In early July, as the annual influx of mosquitoes swamped the city, one local newspaper described New Orleans as looking and smelling “epidemical”. Some residents responded by fleeing, but many remained calm. Yellow fever, after all, was known as the strangers’ disease. Ever since the earliest city epidemics in the late 1700s, everyone had known foreigners and travellers from other parts of America were much more susceptible than those born in New Orleans.
Accepted medical wisdom ranked newcomers to the city as those most at risk because they had not yet become used to the subtropical climate that was so very different from their own. Locals, on the other hand, were thought to adjust, or 'acclimate', gradually over time.
The idea of ‘acclimating’ (or not) fitted with both official and unofficial records of death rates. A businessman writing about an earlier epidemic that occurred in 1847 attributed nine-tenths of all funerals within a fortnight to Irish victims; six years later, immigrants accounted for 90 per cent of recorded yellow fever deaths, despite making up less than half the city’s population.
In general, Irish and German immigrants appeared most likely to die from the disease. The 1853 death rates for both groups were reported to be 20 times higher than that for native New Orleanians. The ‘stranger’ factor was even recognised by the Mutual Benefit Life and Fire Insurance Company of Louisiana, which charged high premiums to Americans travelling to New Orleans during the summer months on the basis that these visitors were not acclimated to the area.

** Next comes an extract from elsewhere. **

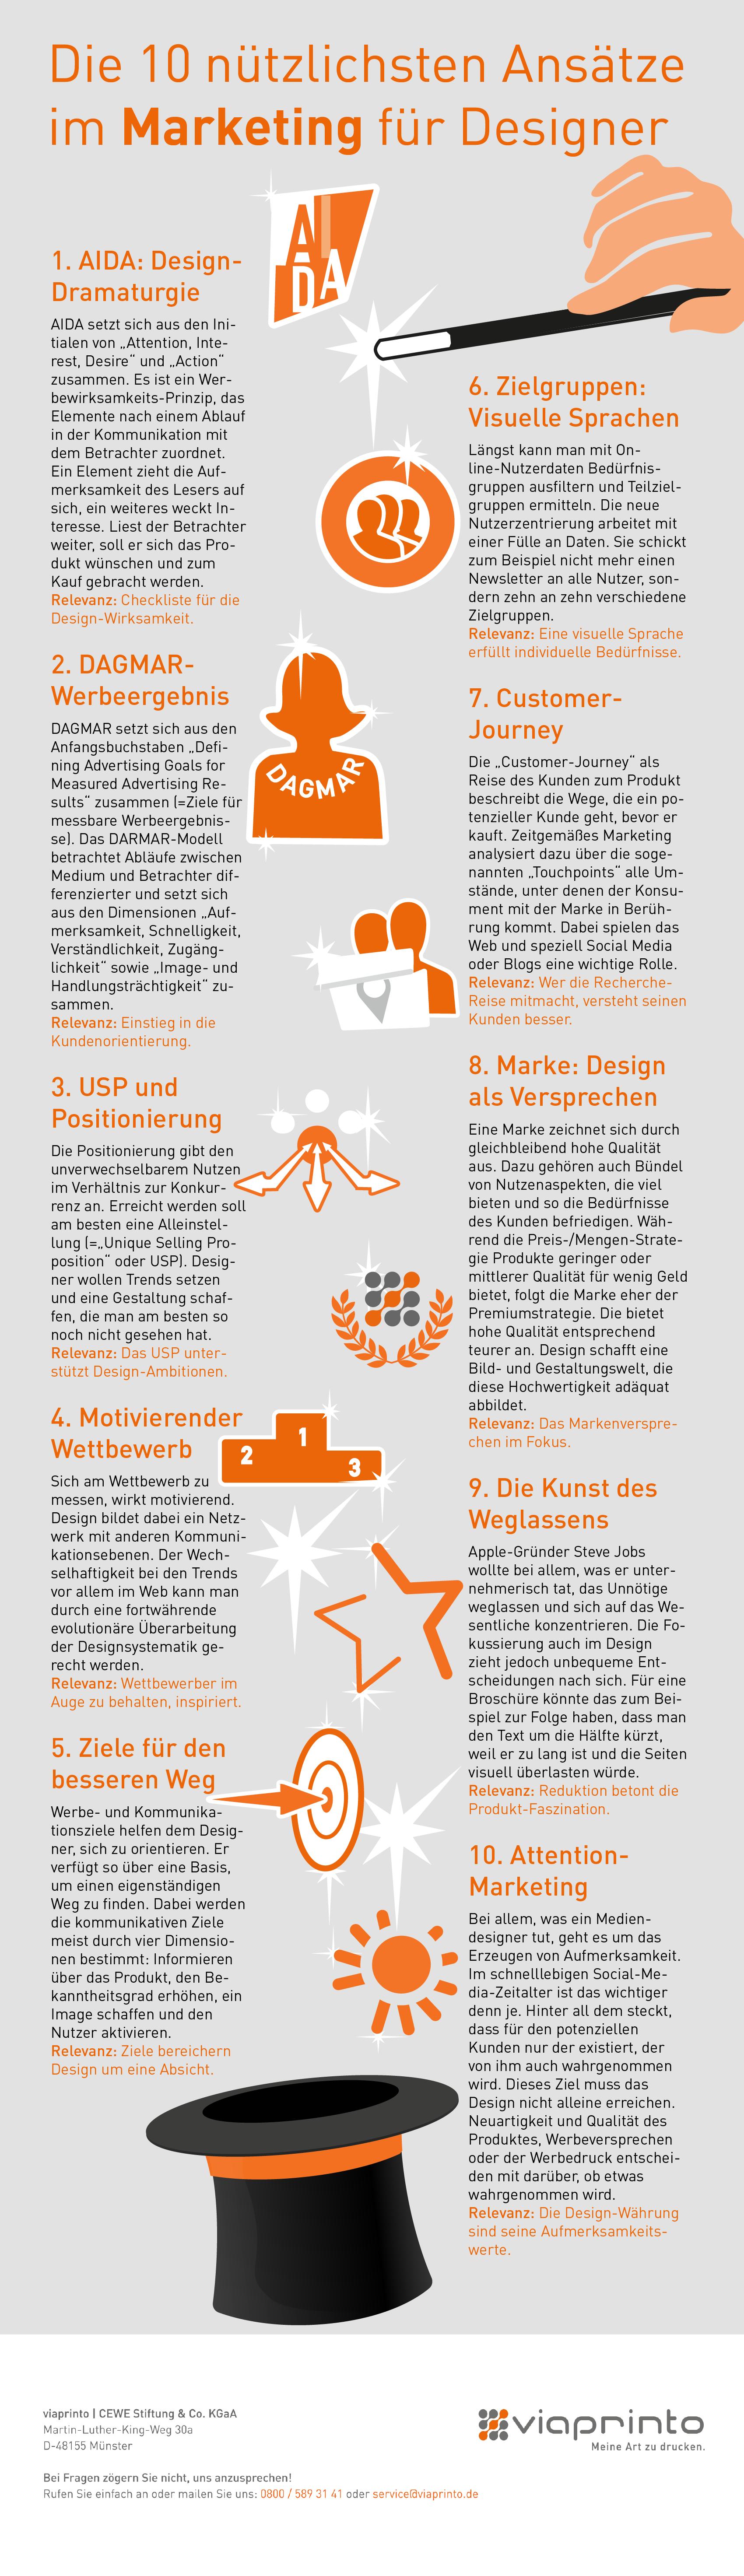 Die 10 Nutzlichsten Marketing Ansatze Fur Designer Viaprinto Blog Alles Uber Den Druck Marketing Designer Design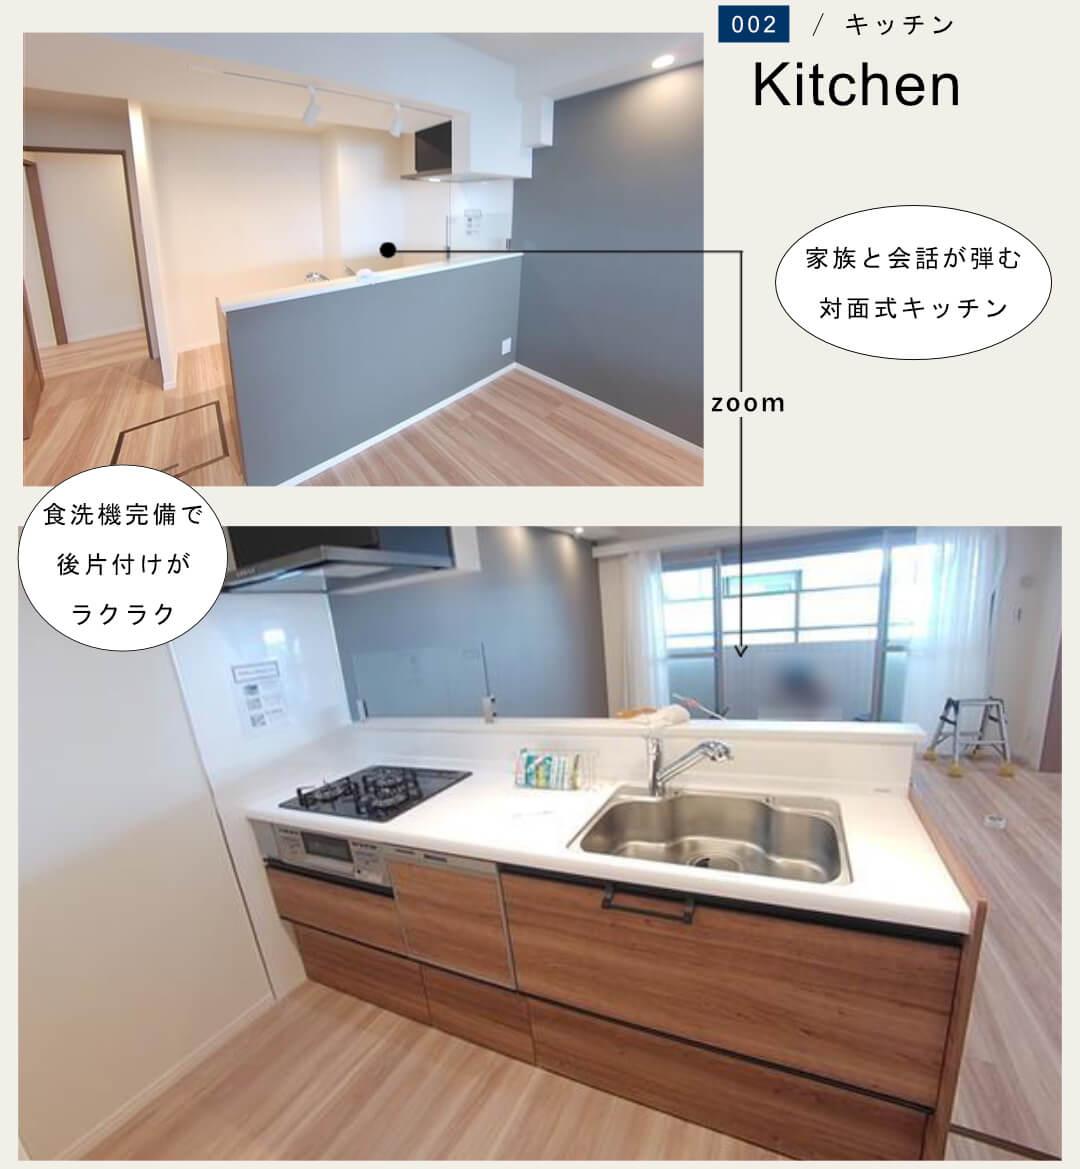 マイファリエ長崎101のキッチン

However, acclimation wasn’t the only factor thought to lead to high death rates in some marginalised groups. Most newspapers, physicians and the public associated the origin and spread of yellow fever with the lowest levels of society and the “miserable, filthy, loathsome manner” in which these communities were thought to live. More judgmentally, the local shipping clerk who penned that phrase also positioned those who appeared most susceptible to the disease as “a set of rumdrinking, fighting people”, clearly something ‘other’ than his own kind.
Medical opinion followed a similar line, with the editor of the New Orleans Medical and Surgical Journal suggesting that the prevalence of yellow fever could be reduced by raising both the social and moral conditions of the labouring classes. Local physician Dr J S McFarlane felt visitors to the city could exempt themselves from infection by remaining sober and living an “orderly” life, a habit that might be difficult for those immigrants forced to sleep a dozen to a small single room.